Schmitt also argued that the long-term architecture related to flights to Mars “must eventually contain a full, scientifically credible understanding of the long-term effects of the space environment on human performance and health.”
No Apollo replay
Paul Spudis, a lunar and planetary scientist at the Applied Physics Laboratory, a research and development arm of the Johns Hopkins University in Laurel, Md., takes issue with those who see the NASA vision as an Apollo replay.
There are significant differences between the Apollo of yesteryear and the NASA plan of today, Spudis said.
In the first place, the systems making up the vehicles are being designed for maximum leverage: long-life, cryogenic-based propulsion, with potential reuse in space, Spudis explained.
Secondly, the mission is different.
“In Apollo, the mission was to prove we could land on the moon and return safely to Earth.
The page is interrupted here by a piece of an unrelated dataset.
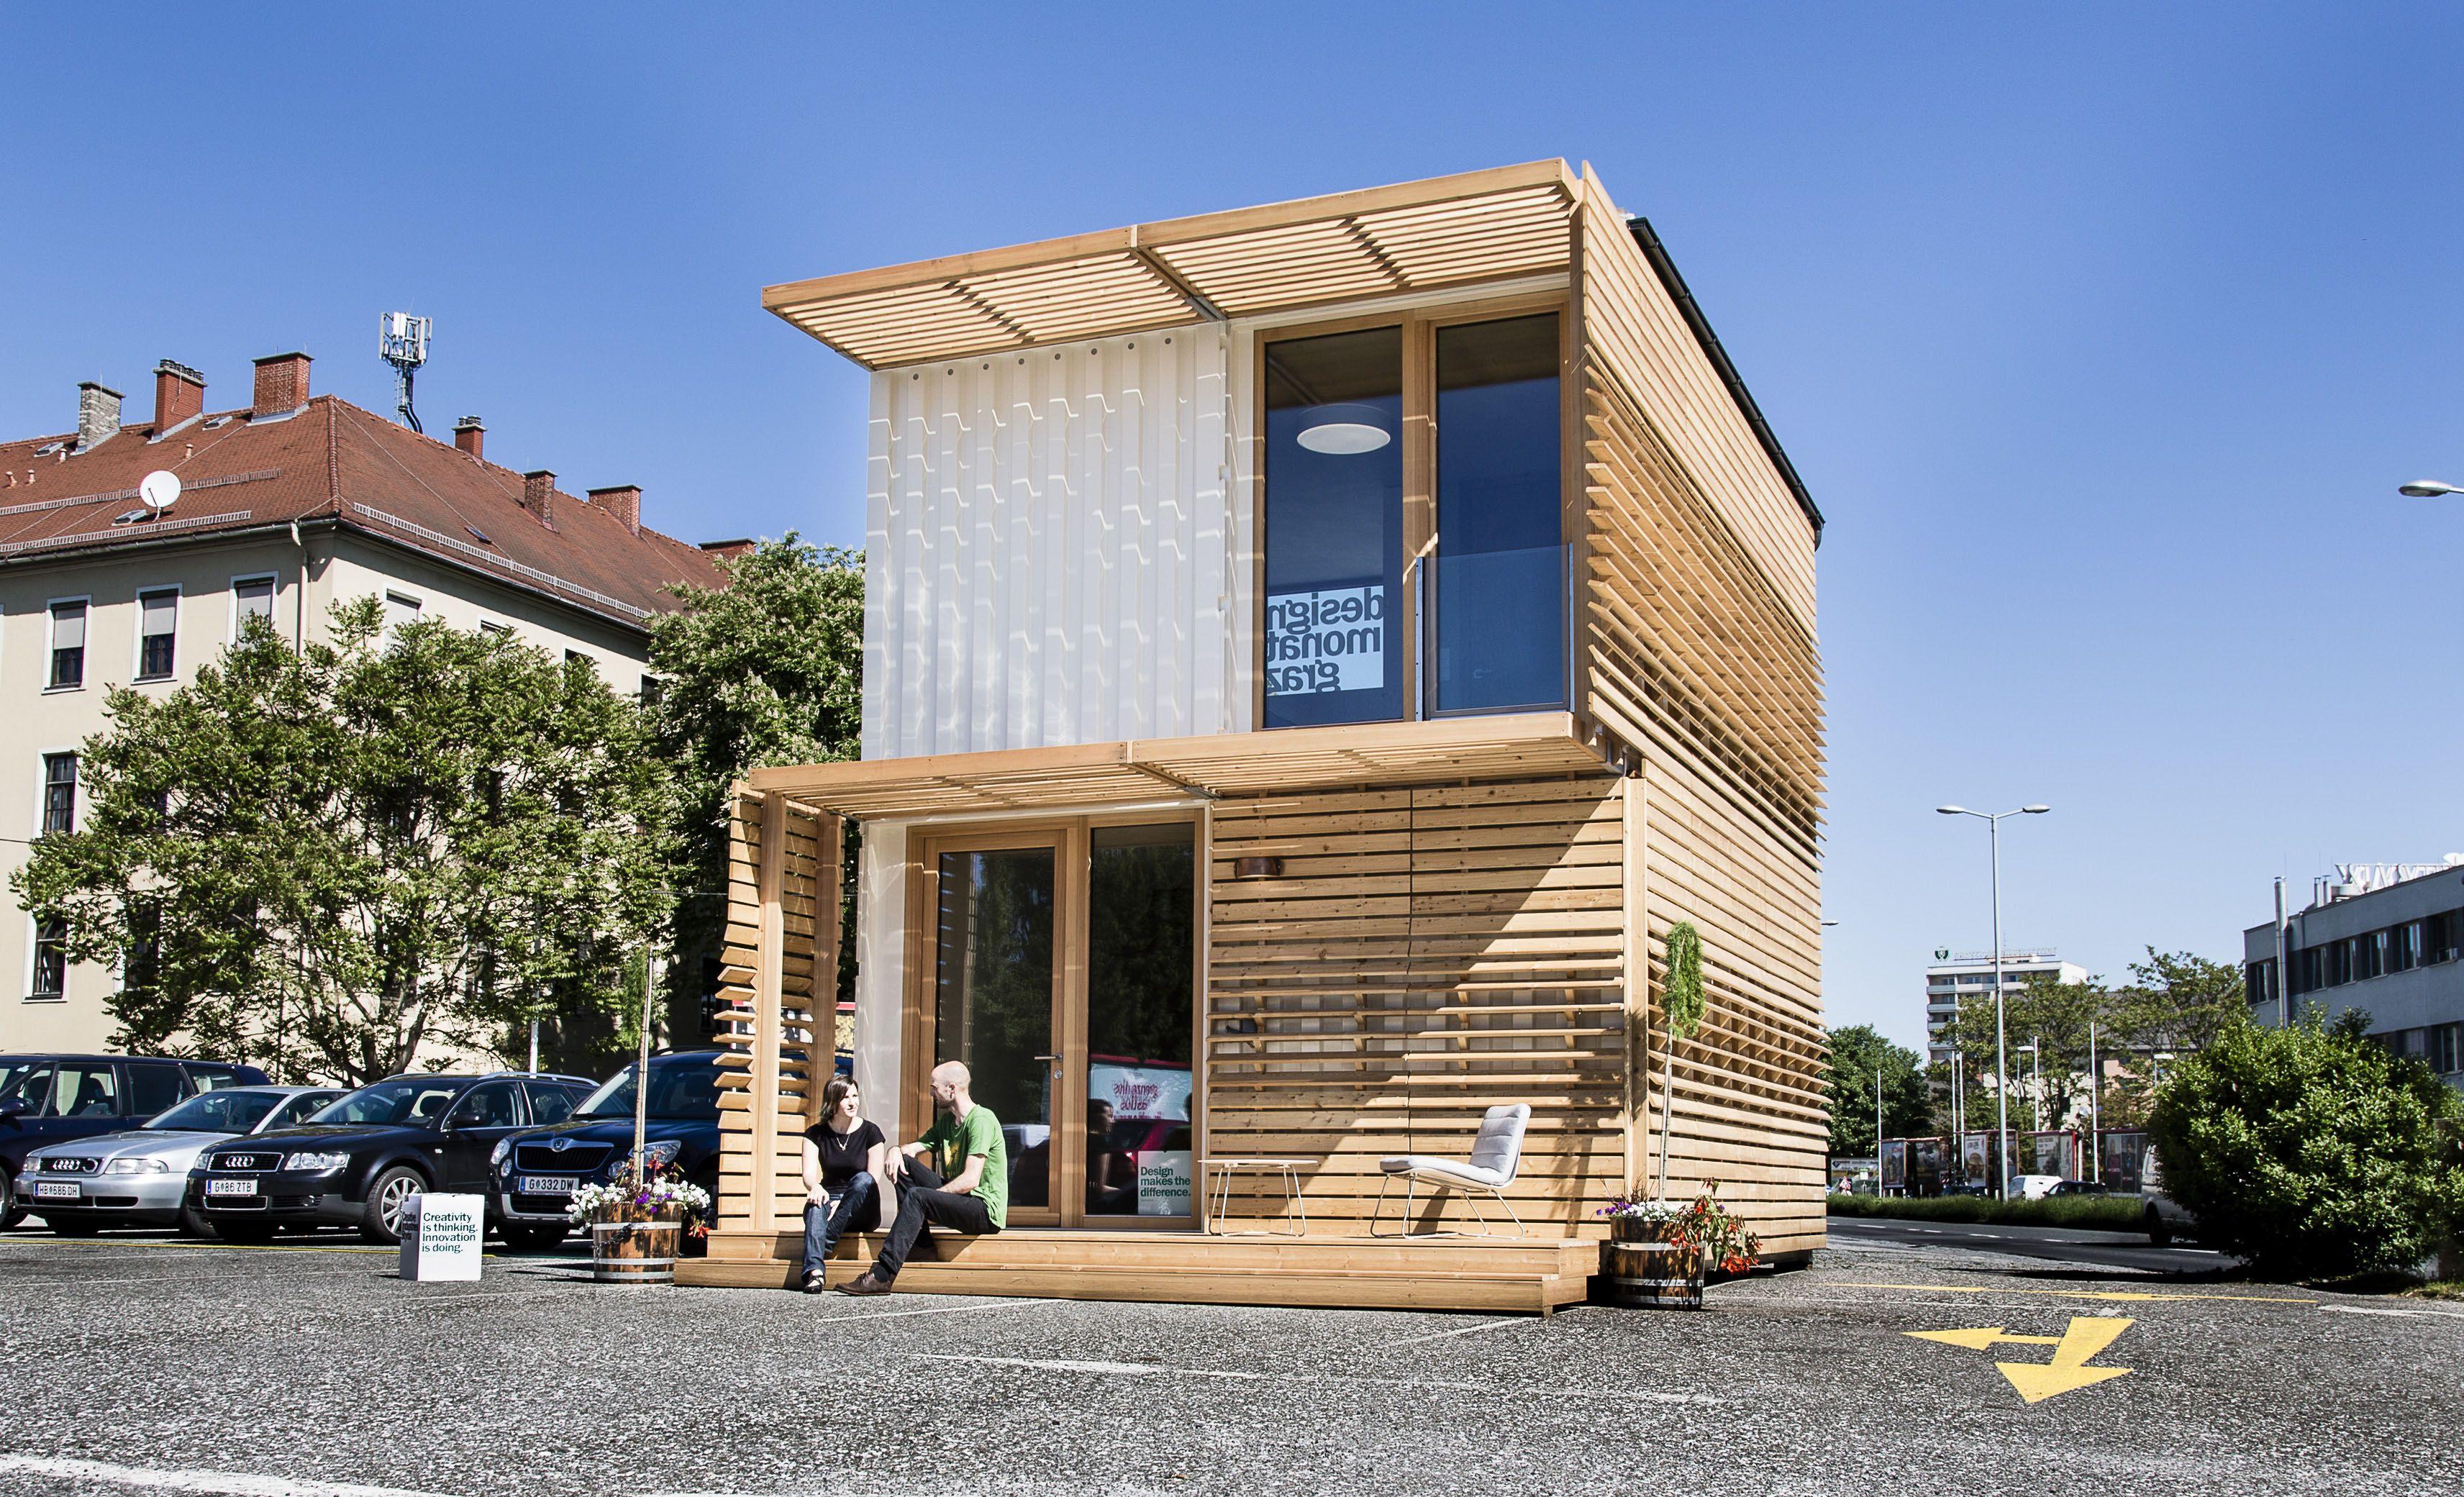 kostengünstig und flexibel wohnen im Öko-container | baustoffe ... - Container Architektur

In this case, the mission is to determine the best site to collect and use the resources of the moon and to emplace the necessary infrastructure to do so,” Spudis said. “Admittedly, the early missions will be very much like a ‘super-Apollo.’ However, they have potential to grow into something very different.”
Use of off-planet resources
In point of fact, Spudis continued, “Apollo, for all its beauty, was essentially a technical dead-end … one-use systems, storable propellants, a paradigm of launching everything from Earth.”
Spudis told Space.com that this system, as blueprinted by NASA, is designed from the beginning to adapt to a different paradigm: the use of off-planet resources — lunar-manufactured propellants — to create a permanent transportation infrastructure in cislunar space, the territory between Earth and the orbit of the moon.
Should some things have been done differently?
“Possibly,” Spudis suggested. “You can never satisfy everybody by making architectural choices. However, it’s a system that will get us back to the moon with the minimal possible extra investment.
“It’s a start back on the road to real space capability,” Spudis advised. “And it’s better than the alternative, which is extinction of human exploration.”